What we added to the file created in step 5 is the following:

  • In lines 15 to 19 we define the required geocoding fields identified in the previous step: RS and GEN. We specify RS as the unique identifier and aliases for the fields which are easier to understand.
  • In the section purge_roles_exceptions (line 37) we say that we wish to purge at the level of country (which implicitly purges all roles beneath country) and we define Germany as the only exception – that is we keep Germany and all data related to Germany (in case we want to use the built-in geocoding data for Germany in our viz). We are purging all the other countries in order to minimize the size of the custom geocoding and to maximize Tableau’s performance. Purging also helps to minimize the file size of a packaged workbook and thereby the usage of your Tableau Public storage.

Please be advised that purging is an important factor.
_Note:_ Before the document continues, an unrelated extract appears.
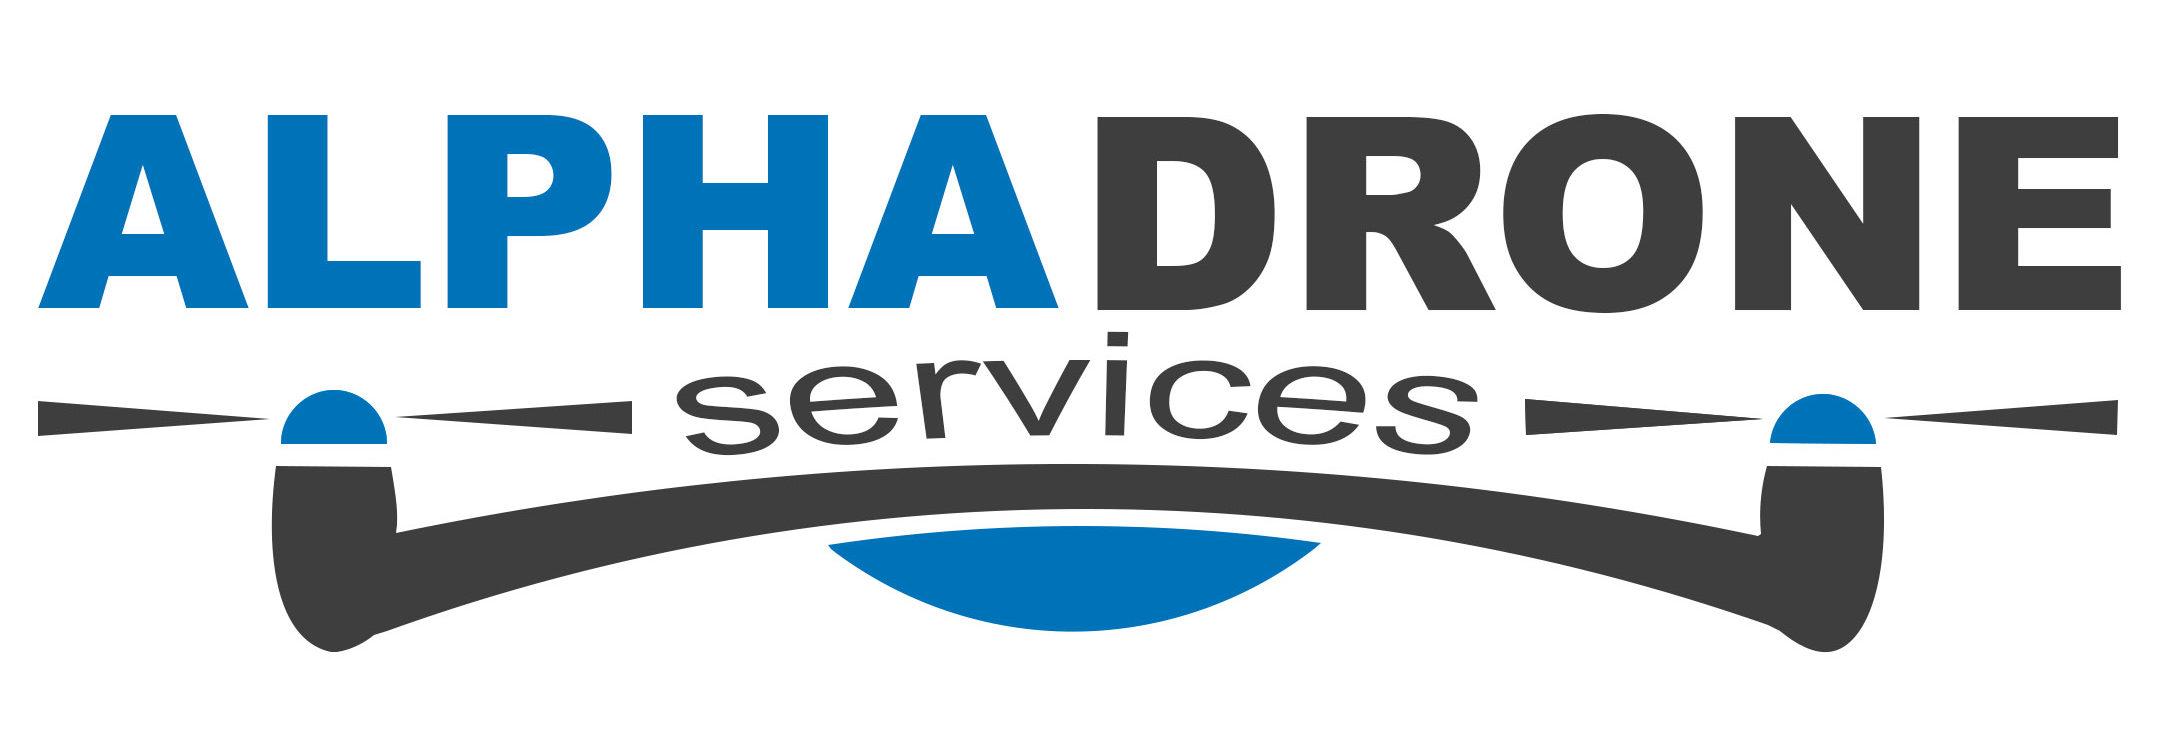 Alpha drone services
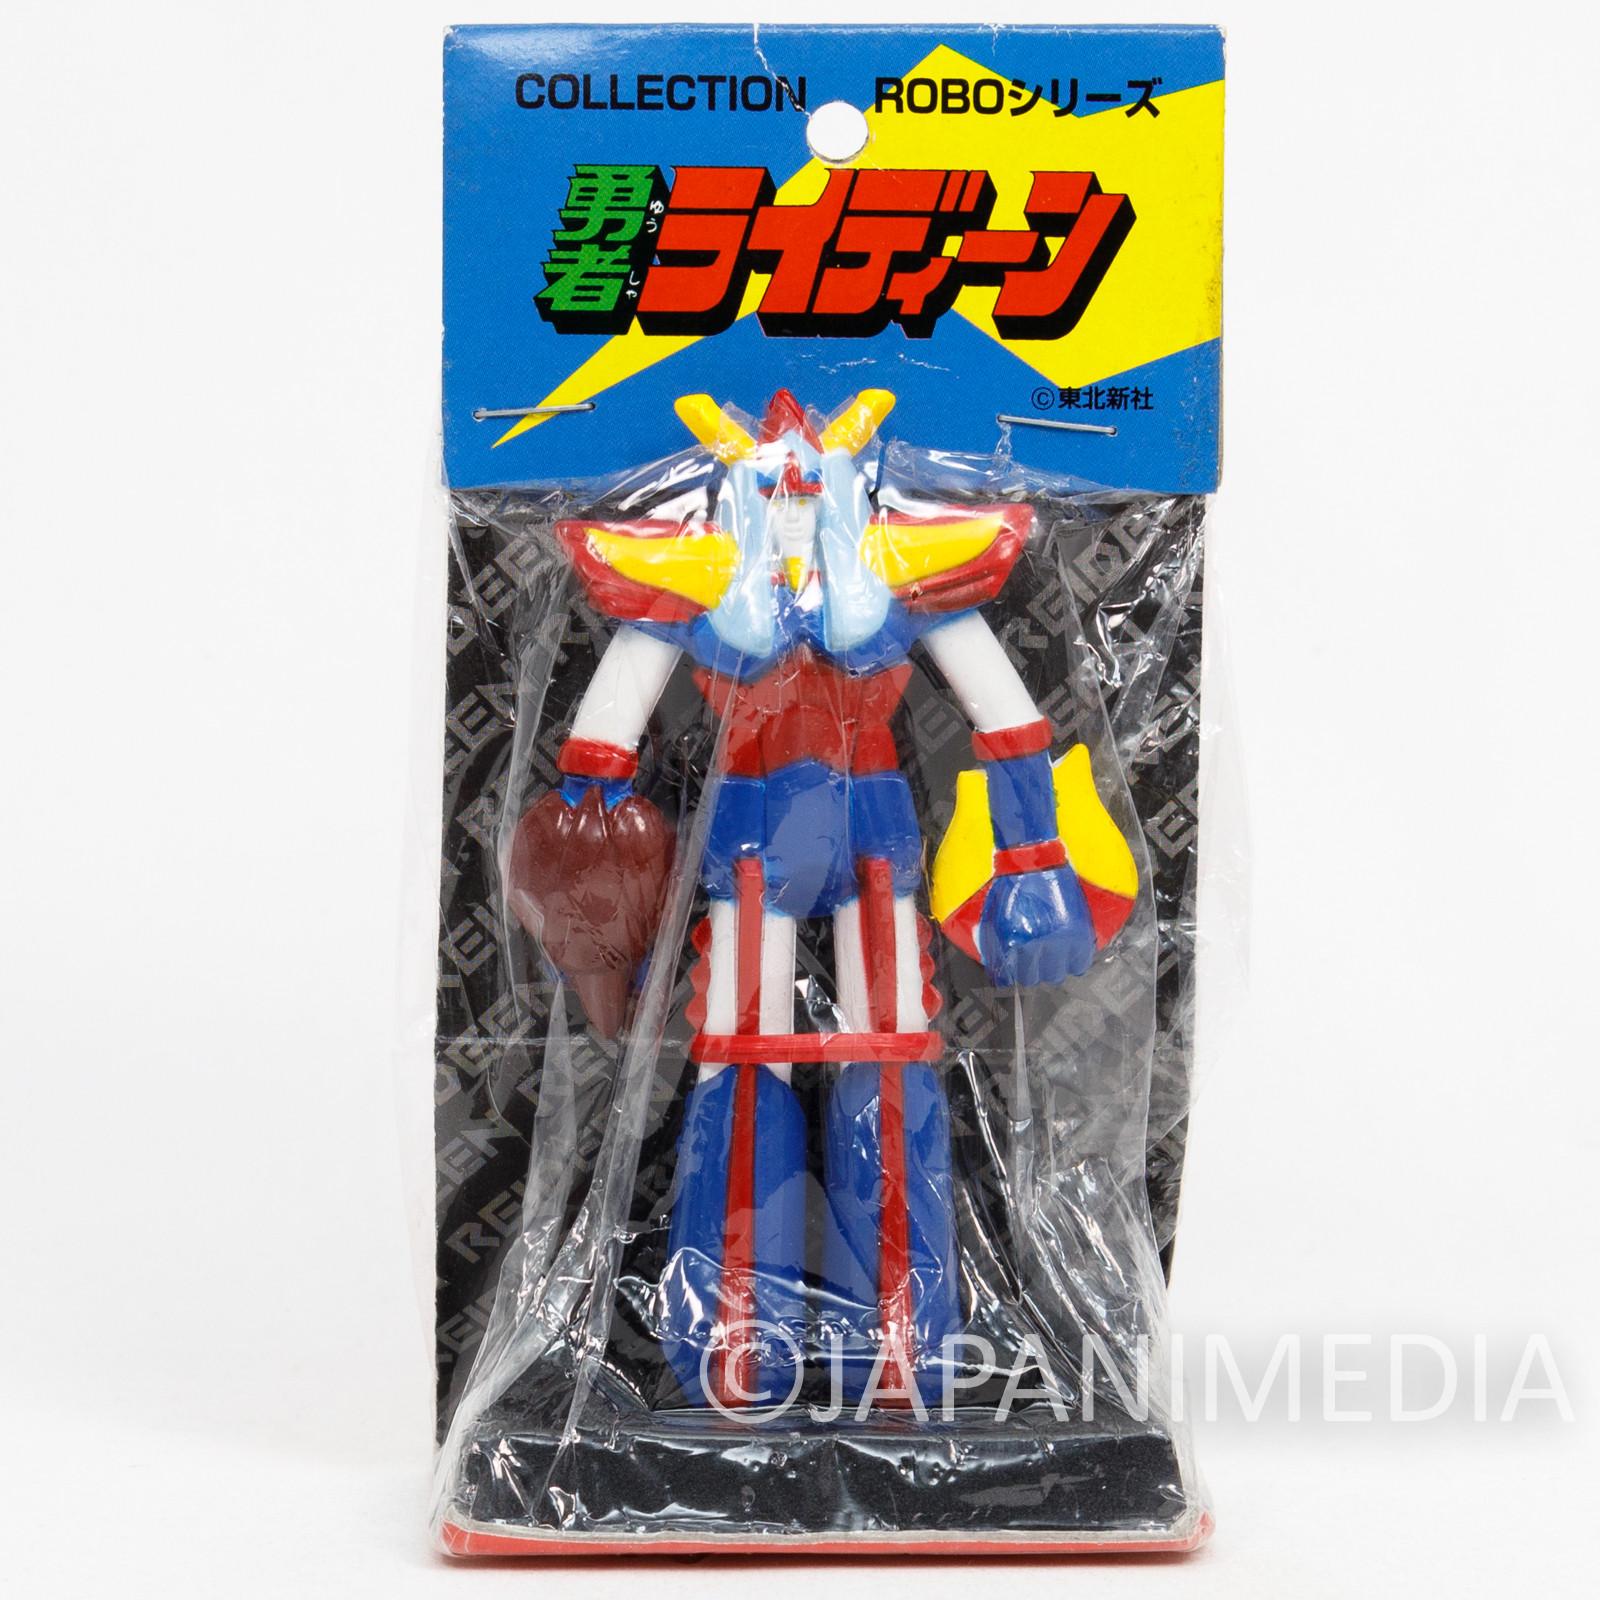 Retro Rydeen the Brave Figure Collection Robo JAPAN

You can easily try to load too much detailed map data which would result in either poor performance or Tableau running out of memory. Please consult the TabGeoHack documentation for more details on how to avoid this, including how to simplify complex boundaries with too many points.

Important note:

Please be advised that purging the way described above removes all other geographical information. As long as you have your custom geocoding in place, geographical visualizations for other regions (like the United States) will not be possible. This applies to already existing workbooks and to new ones. It also applies to packaged workbooks.

To make them work again, you have to remove the TabGeoHack custom geocoding from Tableau (Map | Geocoding | Remove Custom Geocoding). You can easily and quickly add it back when you need it with another TabGeoHack option: –activate.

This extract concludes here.